__SUPPLIED INFORMATION__
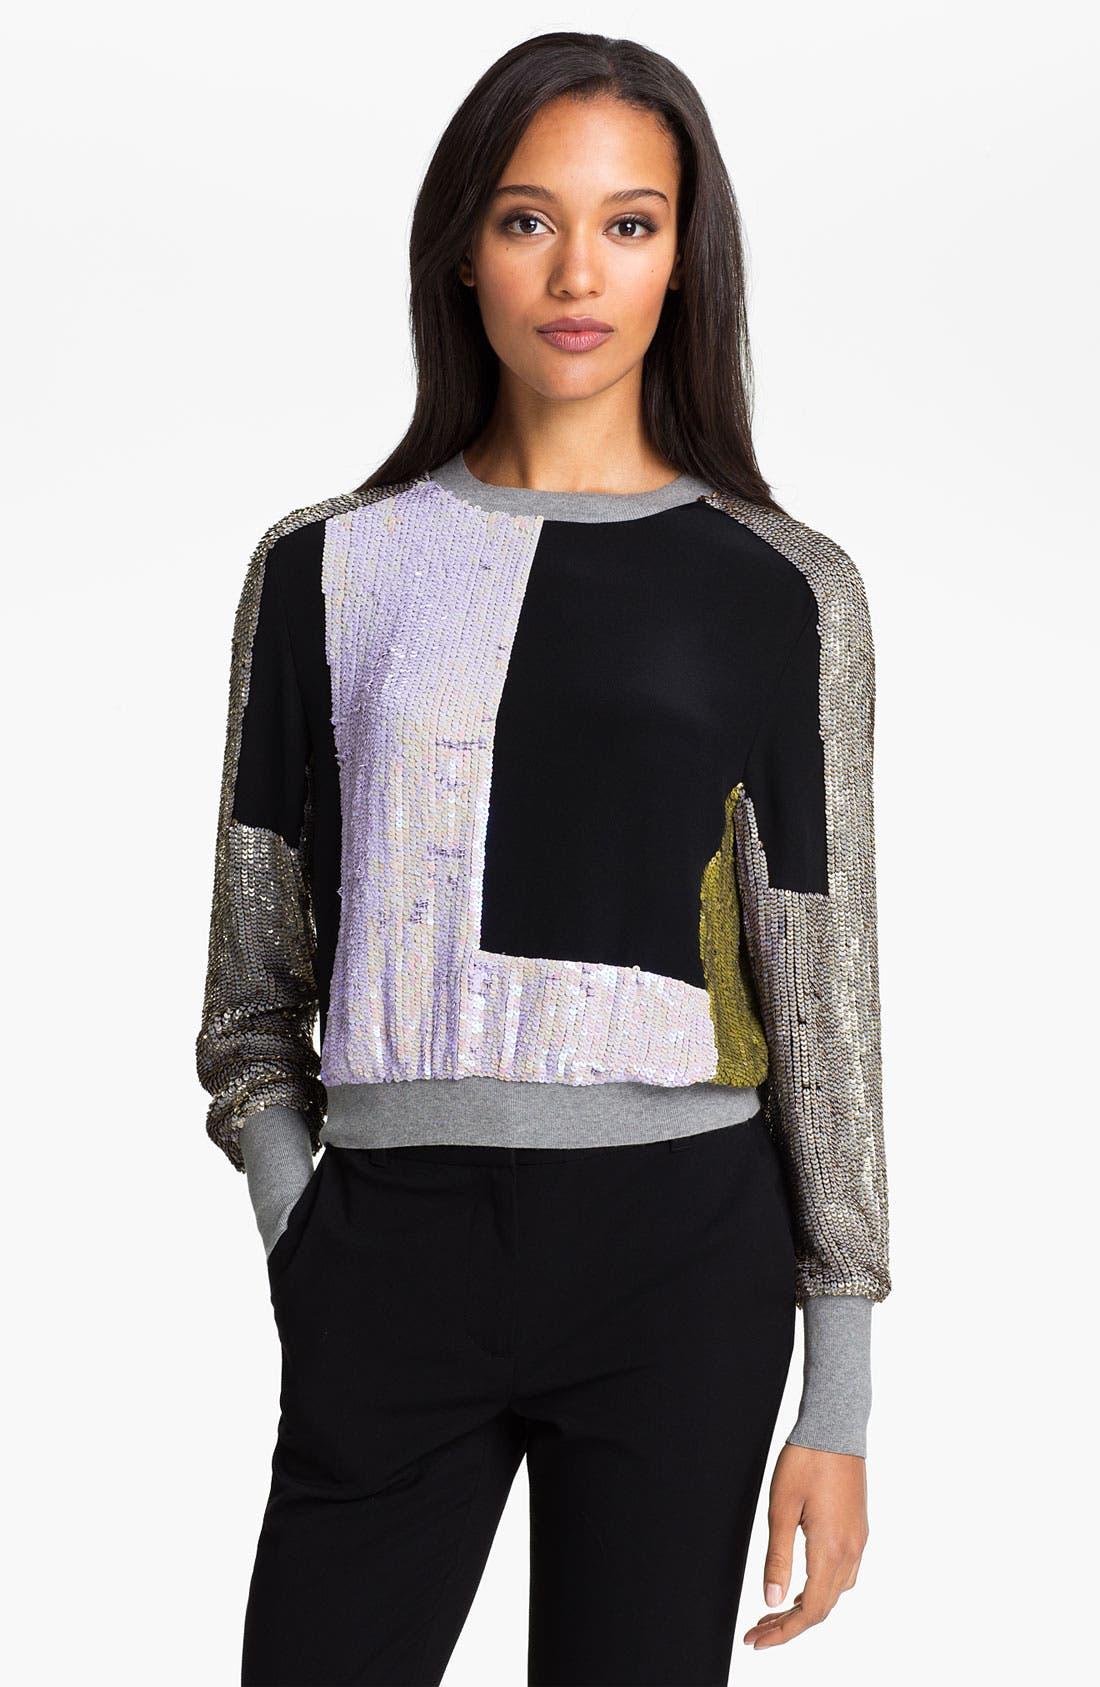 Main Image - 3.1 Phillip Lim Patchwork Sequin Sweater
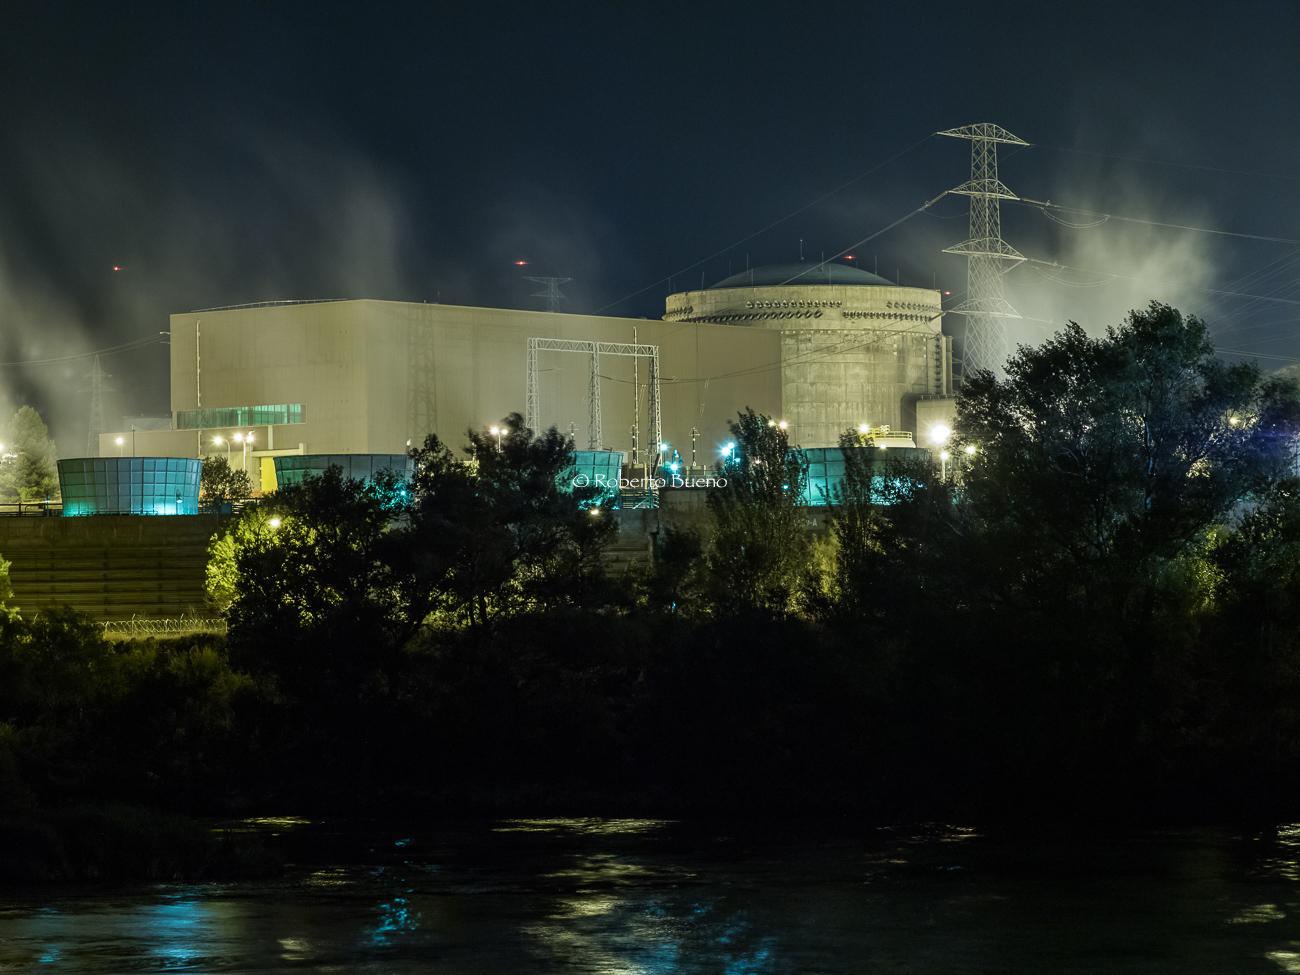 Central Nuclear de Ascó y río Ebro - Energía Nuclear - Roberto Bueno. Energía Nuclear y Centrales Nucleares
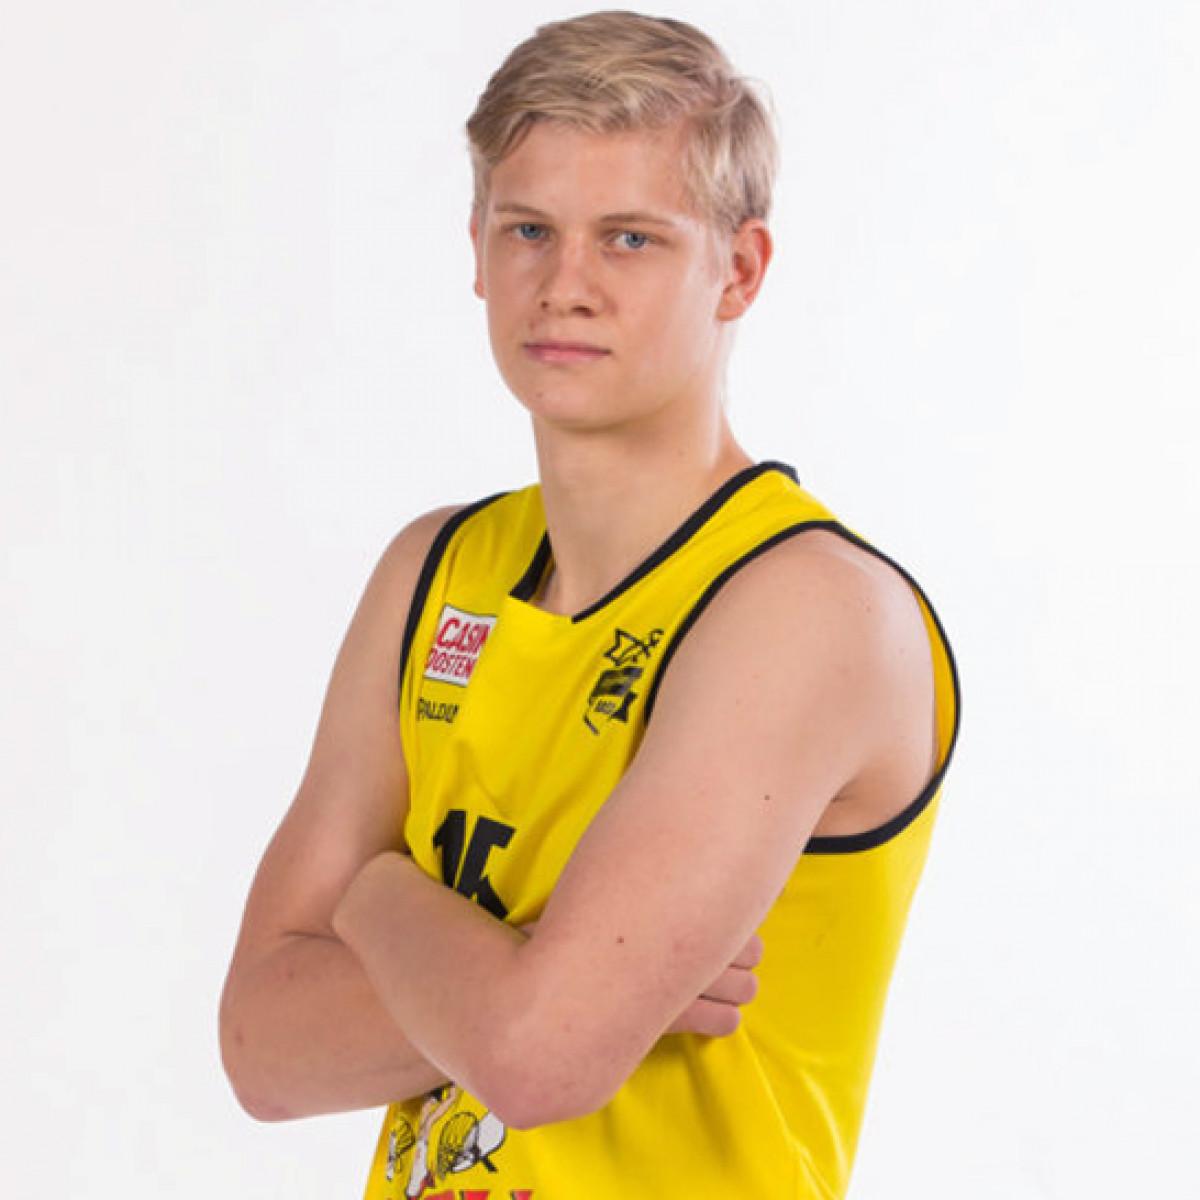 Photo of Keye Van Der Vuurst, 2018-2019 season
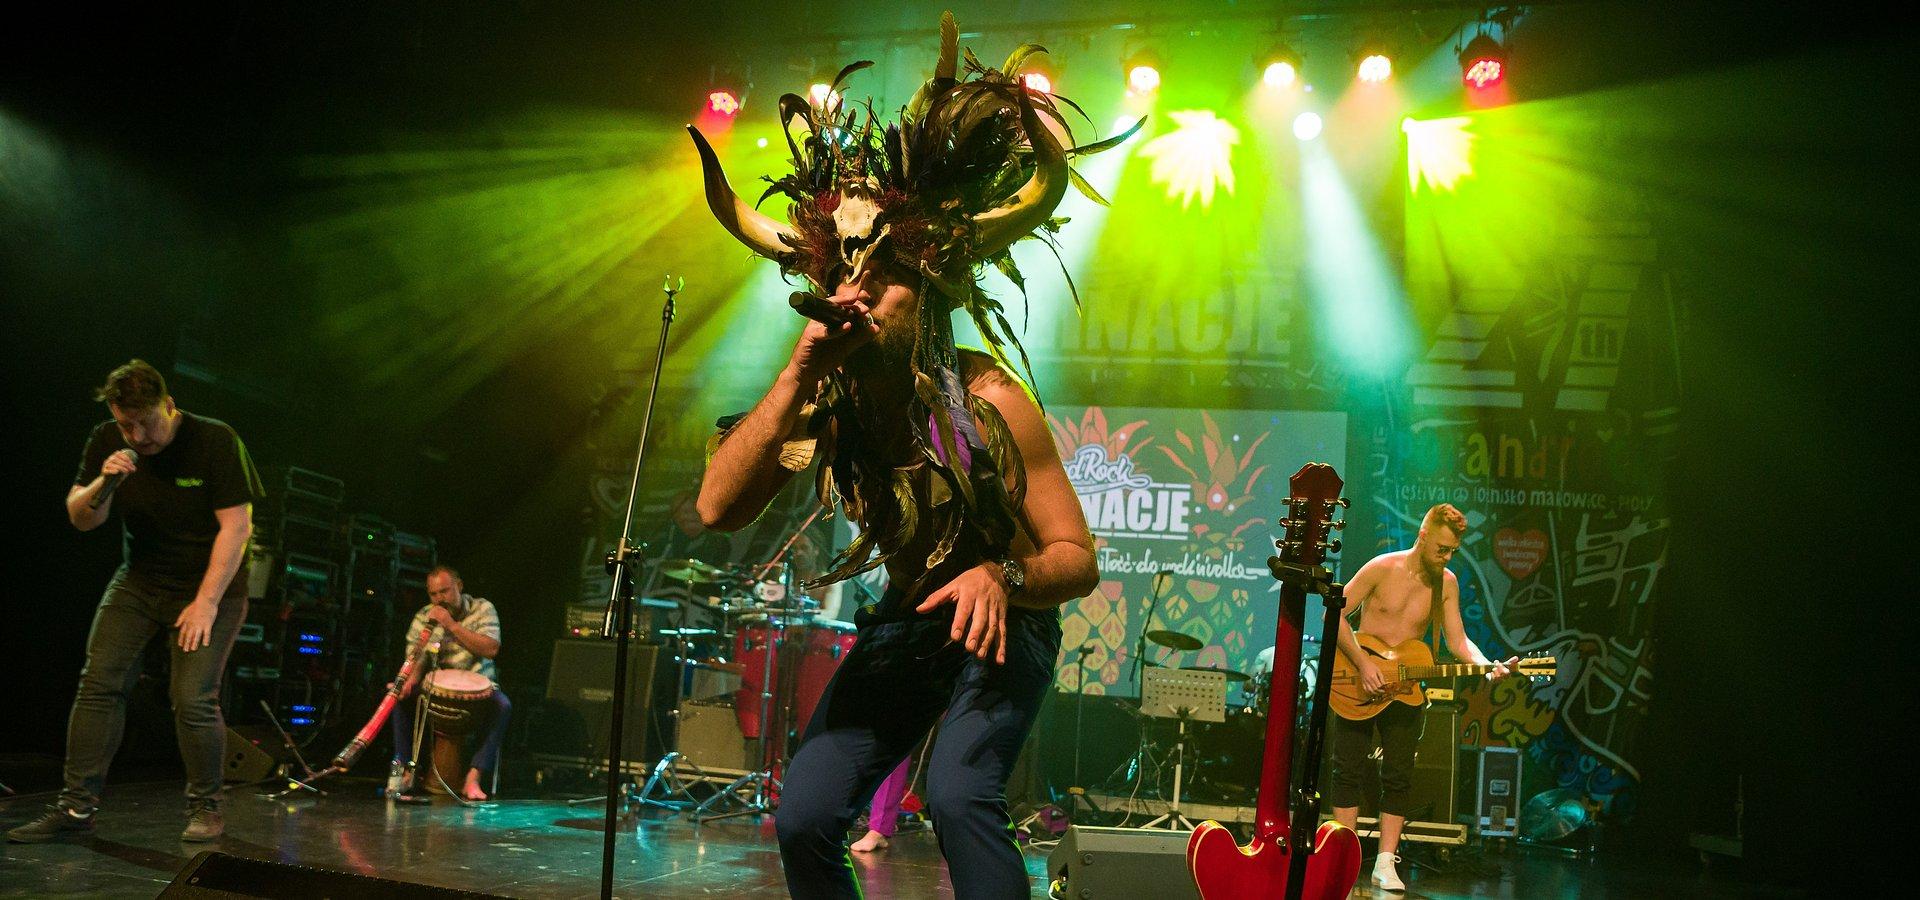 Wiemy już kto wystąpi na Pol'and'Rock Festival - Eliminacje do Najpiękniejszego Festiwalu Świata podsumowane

__PROBLEM DESCRIPTION__
Pictures stay out. Repeat only the lines from the beginning of the data through the line that has "Photo of Keye".

__RESULT OF THIS EXERCISE__
 Main Image - 3.1 Phillip Lim Patchwork Sequin Sweater
 Central Nuclear de Ascó y río Ebro - Energía Nuclear - Roberto Bueno. Energía Nuclear y Centrales Nucleares
 Photo of Keye Van Der Vuurst, 2018-2019 season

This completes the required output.